Looking further out on the technology horizon, advancements in AI and engineering biology could accelerate innovation and shorten development times. America’s hard-fought advantage in cutting-edge biotechnologies may be at risk given Chinese progress in the field, but fully autonomous laboratories, known as Self-Driving Laboratories (SDLs), may be the next arena for global competition in life and physical sciences.

Several SDL companies are striving to “close-the-loop” by integrating specialized robotic systems, with frontier AI models to design scientific experiments and conduct them autonomously. IQT portfolio company, Lila Sciences, is pursuing such capabilities to accelerate discovery of both novel materials and therapeutics. The development of SDLs is being propelled by emerging science-focused AI foundation models and new physical AI tools that are bridging the digital-physical divide.

Advances in the foundational sciences alongside automation, AI, and compute, have also led to an inflection point in engineering biology. Researchers can now create products in the lab that were previously impossible — from materials and chemicals to medicines and foods. While biomanufacturing has been leveraged for thousands of years — such as using living organisms, or “cell factories,” to transform sugar into alcohol for beer and wine — what’s different today is our ability to engineer biology and expand its capabilities.  Portfolio company, Antheia (recently featured on The IQT Podcast), is leveraging microbial synthesis to onshore the manufacturing of key starting materials and active pharmaceutical ingredients for essential medicines. Another IQT portfolio company, Prolific Machines, is developing advanced mammalian cell-based protein and antibody production platforms for biotherapeutics. The company’s platform uses engineered cells, which are programmed to respond to light, combined with illuminated bioreactors to easily switch biochemical reactions on and off.

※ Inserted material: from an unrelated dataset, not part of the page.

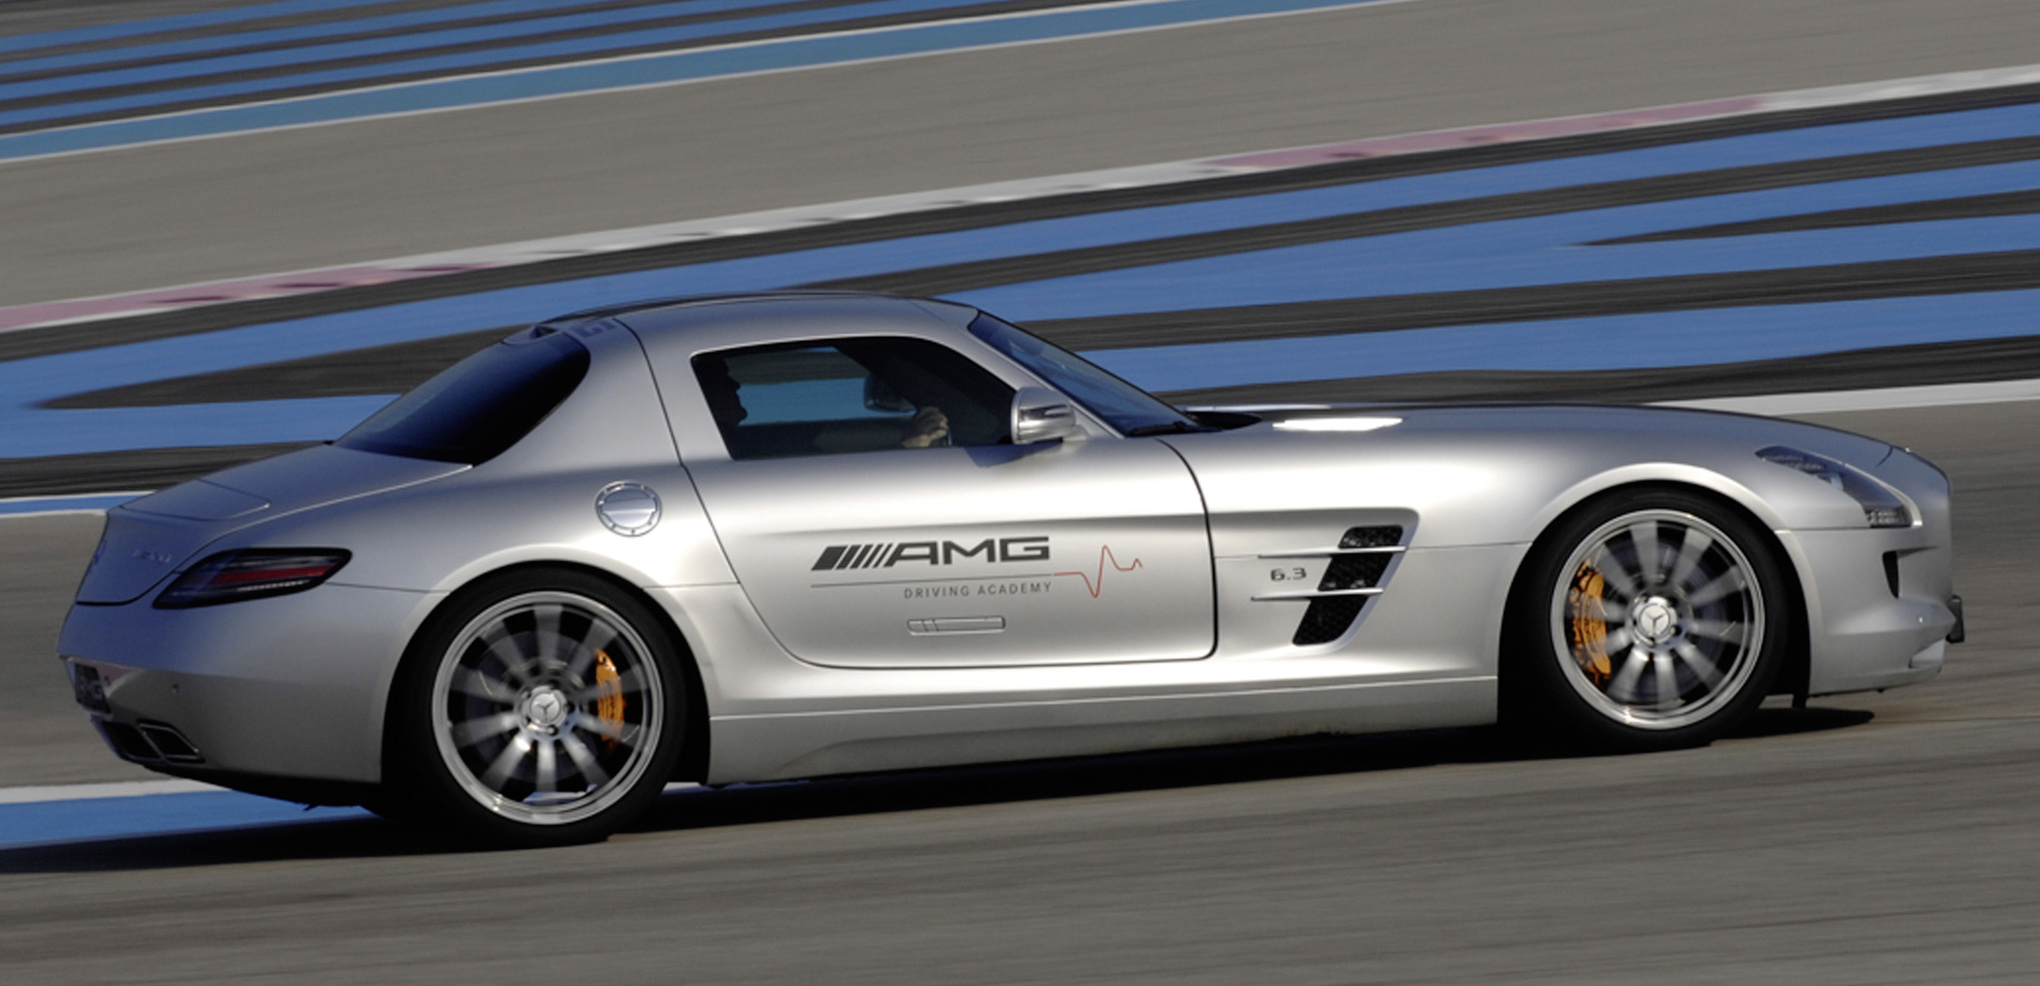 AMG Driving Academy – Vallelunga

Innovation for an Industrial Advantage

In a world defined by rapid change and rising geopolitical risk, the United States needs to be creative about how to bolster domestic manufacturing resilience. Building resilience requires more than policy — it demands bold action. By scaling the adoption of ready-now technologies and strategically investing in potentially game-changing breakthroughs, the United States can get closer to reclaiming its industrial edge.